It was odd that _he_ should review it, though, considering it was a piece of entertainment and not a household item or food. She knew because she'd seen it in a flyer and had recommended it to her pyro viewers last week as a safe alternative to real flames while still giving the same thrill.

But of course, Bellamy was a program. He could review whatever he wanted. It didn't really matter.

"Usually I try out the product beforehand," he said, tossing it from one hand to the next, "but this just came in today, so I didn't have the time."

Clarke crossed her legs in the clear water, angling her body toward him.

"I only watch one girl on this thing," he said, tapping the camera with a smile, "and she recommended it not too long ago. She reviews entertainment, but she didn't review this one. She short-changed me," he said, grinning again, always in such a good mood. "So I thought I'd try it out myself. And hey - before I lose viewers, let me just say I'm not switching to an entertainment review channel. I'm still predominantly household and food. This girl just really made me want to check out this gun, so--"

He pulled the trigger hard, and a large ball of blue flames shot out, nearly as big as his head. Bellamy jerked away from it and fell back off his chair, out of view of the screen, the video shaking a little when he hit the ground.

Clarke laughed lightly, palms rubbing idly over the warm, wet skin of her arms.

"Well," said Bellamy, laughing to himself off screen, "that serves me right for not reading the instructions."

Clarke was smiling, close-lipped and content, and tilted her head when he rose back up onto his feet.

"See, this is why I don't review entertainment," he said, righting his chair before taking his seat and grabbing the packaging off-screen. "I'm better at cooking and eating than playing, I guess."

Clarke breathed deeply through her nose, dreamy smile on her face, and closed her eyes for a long few seconds before opening them to him as he scanned the instructions, mumbling them out loud to himself.

She did wish he were real.
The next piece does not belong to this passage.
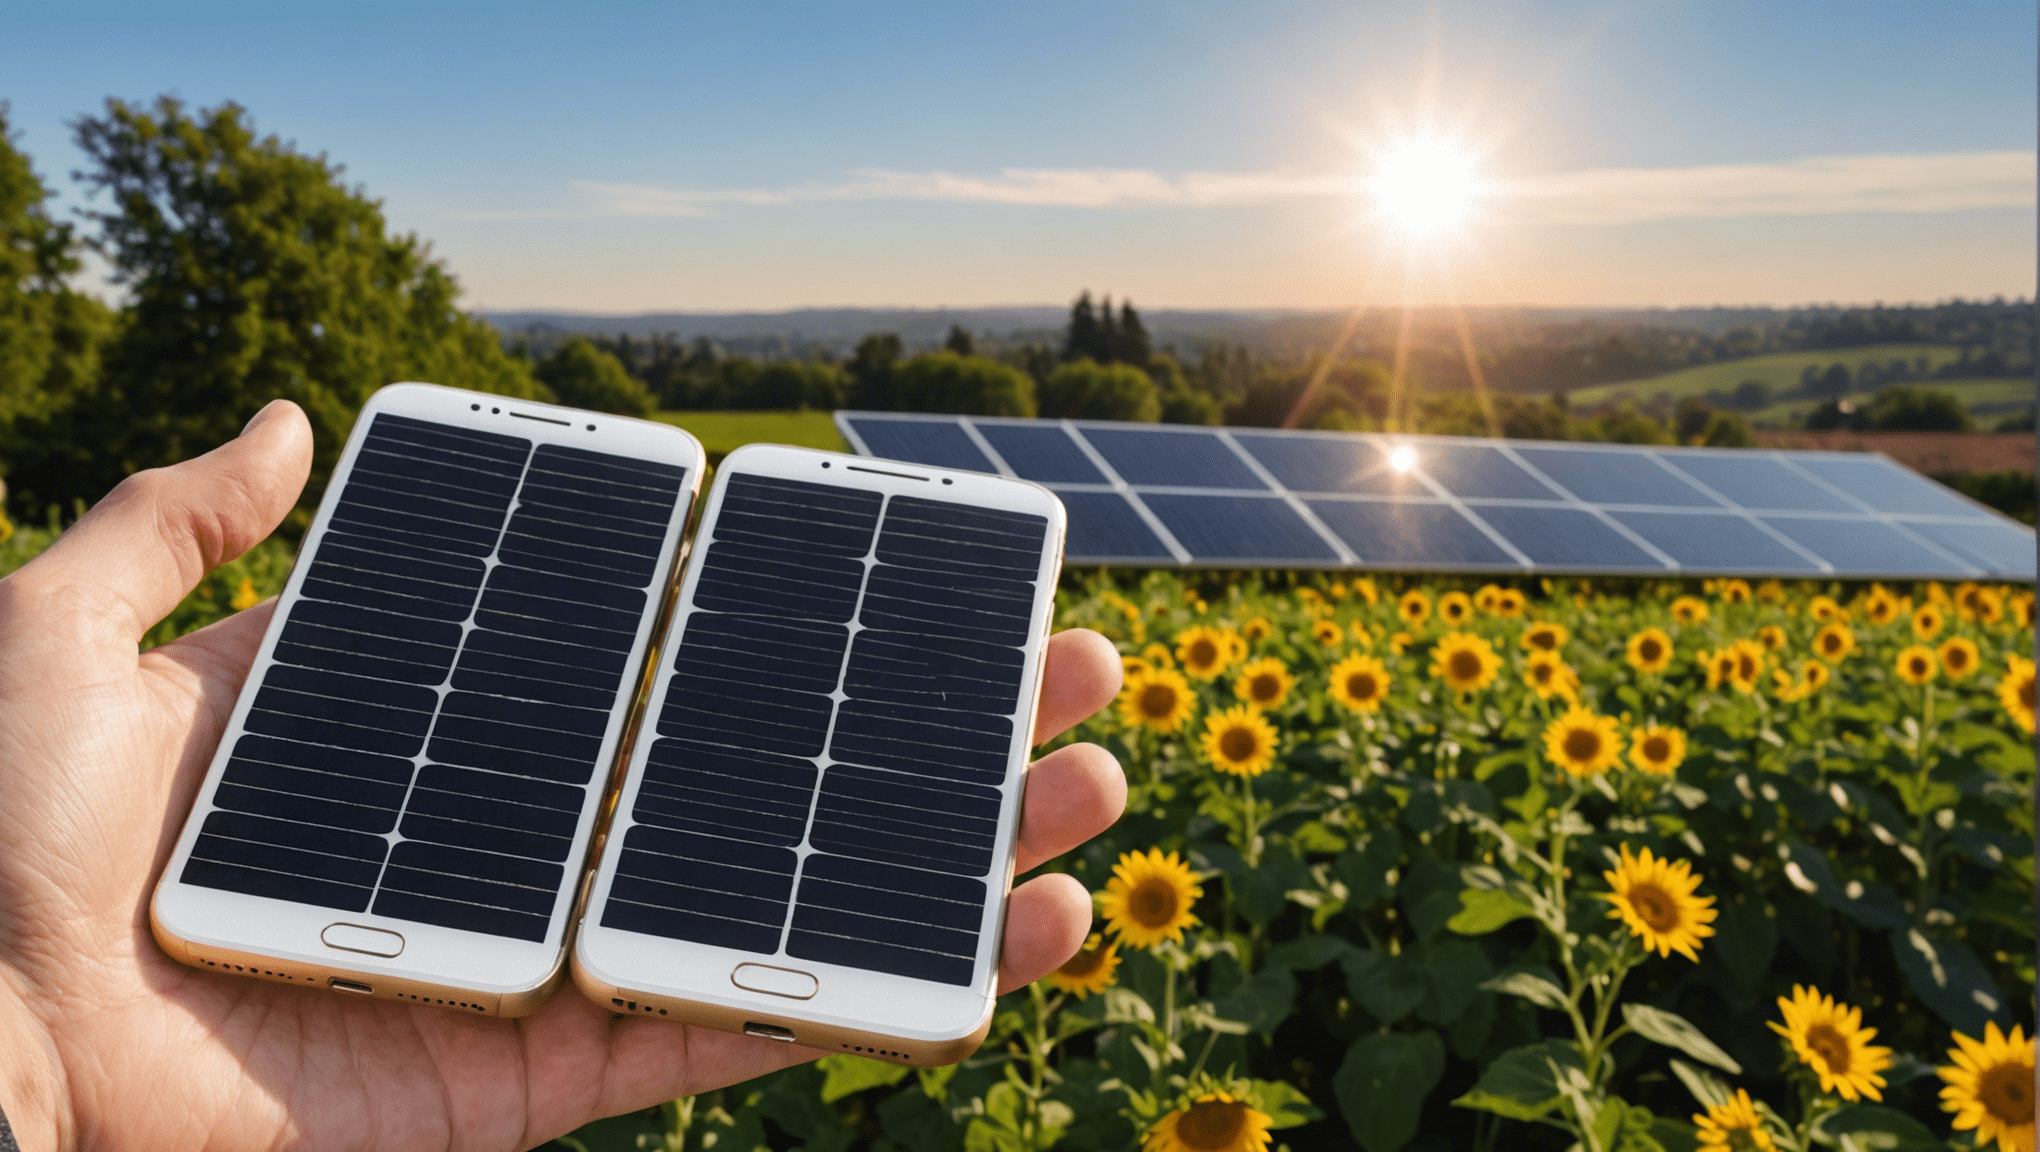 découvrez comment connecter facilement vos panneaux solaires à votre smartphone et profiter de l'énergie solaire où que vous soyez.

She did wish, deeply, that he wasn't a piece of code, or something her own mind conjured up to convince her she wasn't alone. She really did wish for all that, but she was also grateful. She was grateful that she got him at all, that she got goofy antics with a fire ball gun, that she got him during her bath time, and lunch time, and work time. She didn't have much in her life to be grateful for, but this man, this creation - 15-403-9Y - wasn't something she was ever going to take for granted.

"Oh!" he said brightly, looking from the instructions to the gun, cocking it and looking back to the screen with a smile. "You've got to set the pressure first. Sorry about that."

He adjusted a small knob on the side of the gun and shot it again, a stream of blue flames with strands of white streaking out. Bellamy went on and on about it, gleeful and excited, commenting that he would have liked to see 'the girl I watch' review it because he definitely would have liked to have a recording of her reaction.

Clarke stayed in the bath watching him until her skin was pruning, and still even then, until Bellamy was done his reviewing for the day and signing out. She dried herself off, put on lotion and pajamas, and climbed into her big white bed with her fluffy white blankets and her comfy white body pillow that she always pretended was Bellamy when she cuddled it.

"Night, Bellamy," she murmured, closing her eyes and holding the pillow close, snuggled in her blankets, and pretending he could hear her.

**Author's Note:**

> This story is nothing and I'm probably going to delete it soon, so if you liked it, you might want to download it. I just wrote it because I'm listening to Nuvole Bianche, and I'm a little sad and a little lonely, and those emotions + this song makes me think of ethereal, dreamy concepts. So have this sad thing. *throws glitter but in a lackluster way*


End file.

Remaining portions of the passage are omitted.